2016 Brazilian miniseries

Justiça (English title: Above Justice) is a Brazilian television series created by Manuela Dias. Its first season aired on Rede Globo from 22 August to 23 September 2016 at 11 pm. The second season, titled Justiça 2, premiered on 11 April 2024 on the streaming platform Globoplay, and ended on 23 May 2024. In addition to Dias, the series is co-written Mariana Mesquita, Lucas Paraizo, Roberto Vitorino, João Ademir, and Walter Daguerre, and is directed by Isabella Teixeira, Luísa Lima, Marcus Figueiredo, Walter Carvalho, Gustavo Fernandez, Mariana Betti, Pedro Pelegrino, and Ricardo França, with general and artistic direction by José Luiz Villamarim.
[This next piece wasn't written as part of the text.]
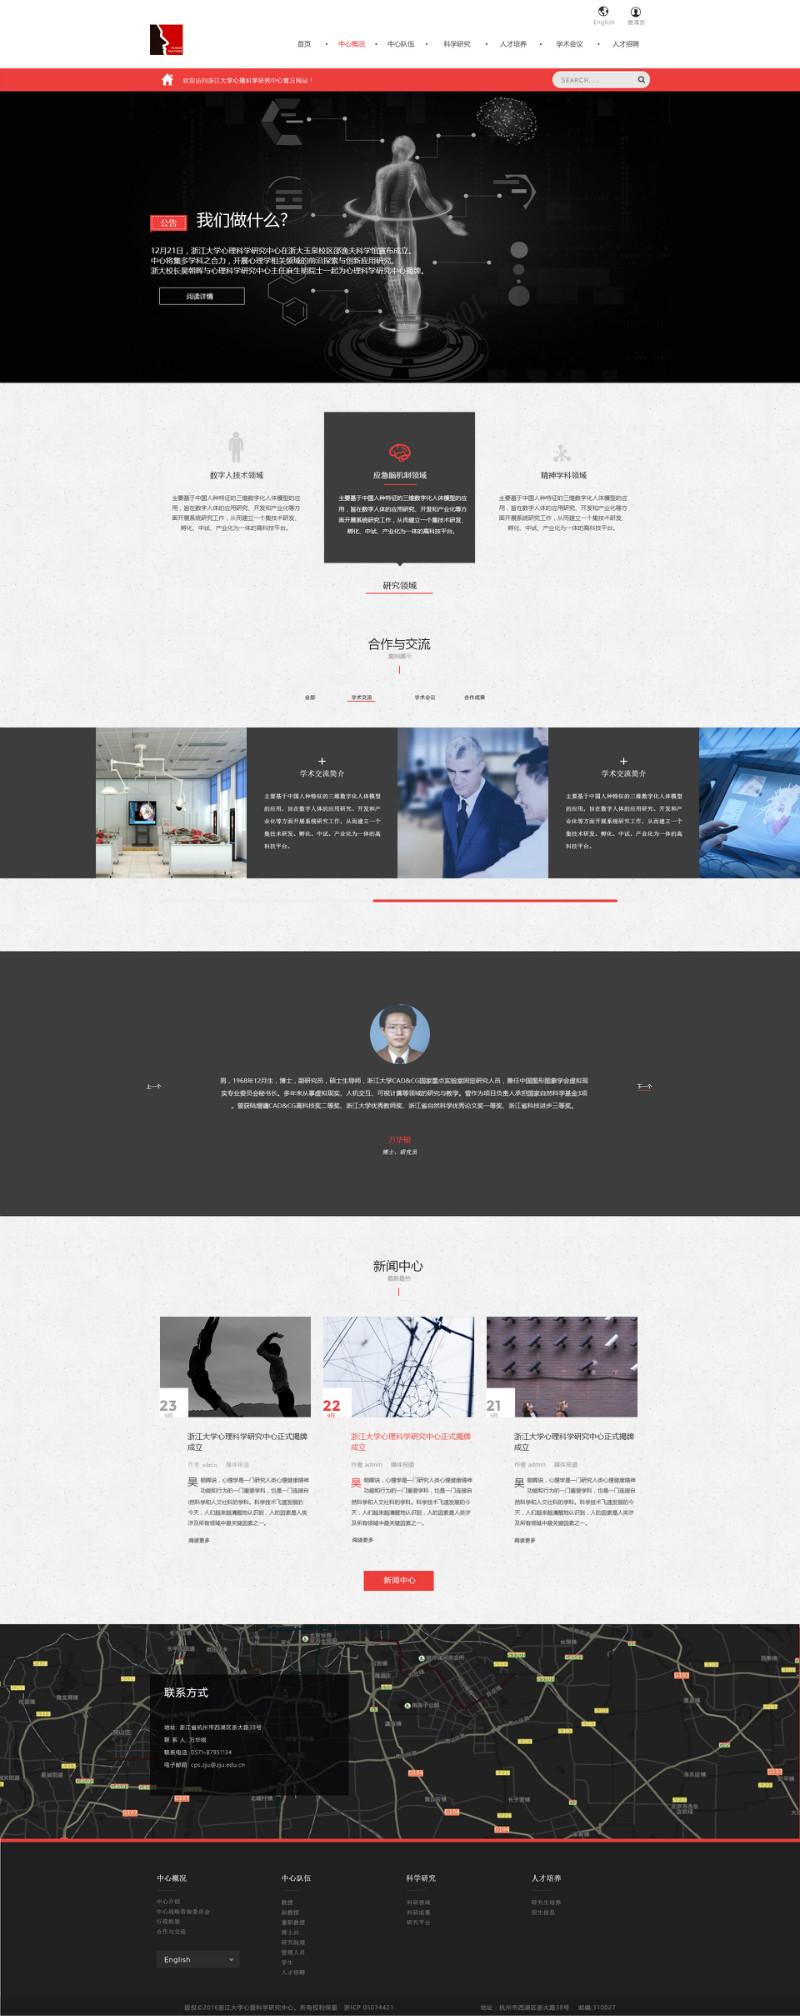 浙江大学心理科学研究中心-杭州盘网网站建设作品

Justiça is a drama that follows the lives of four characters who are arrested on the same day. After seven years, they are released and have to deal with the consequences of their imprisonment. These four independent stories are interconnected and provoke reflection on what justice is, based on the particular understanding of each character.

In Brazil, Justiça was received well by viewers and critics alike. The show had a daily reach of approximately 41 million viewers and a total reach of approximately 134 million viewers. The first four episodes were made available on Globoplay before the miniseries premiered on network television.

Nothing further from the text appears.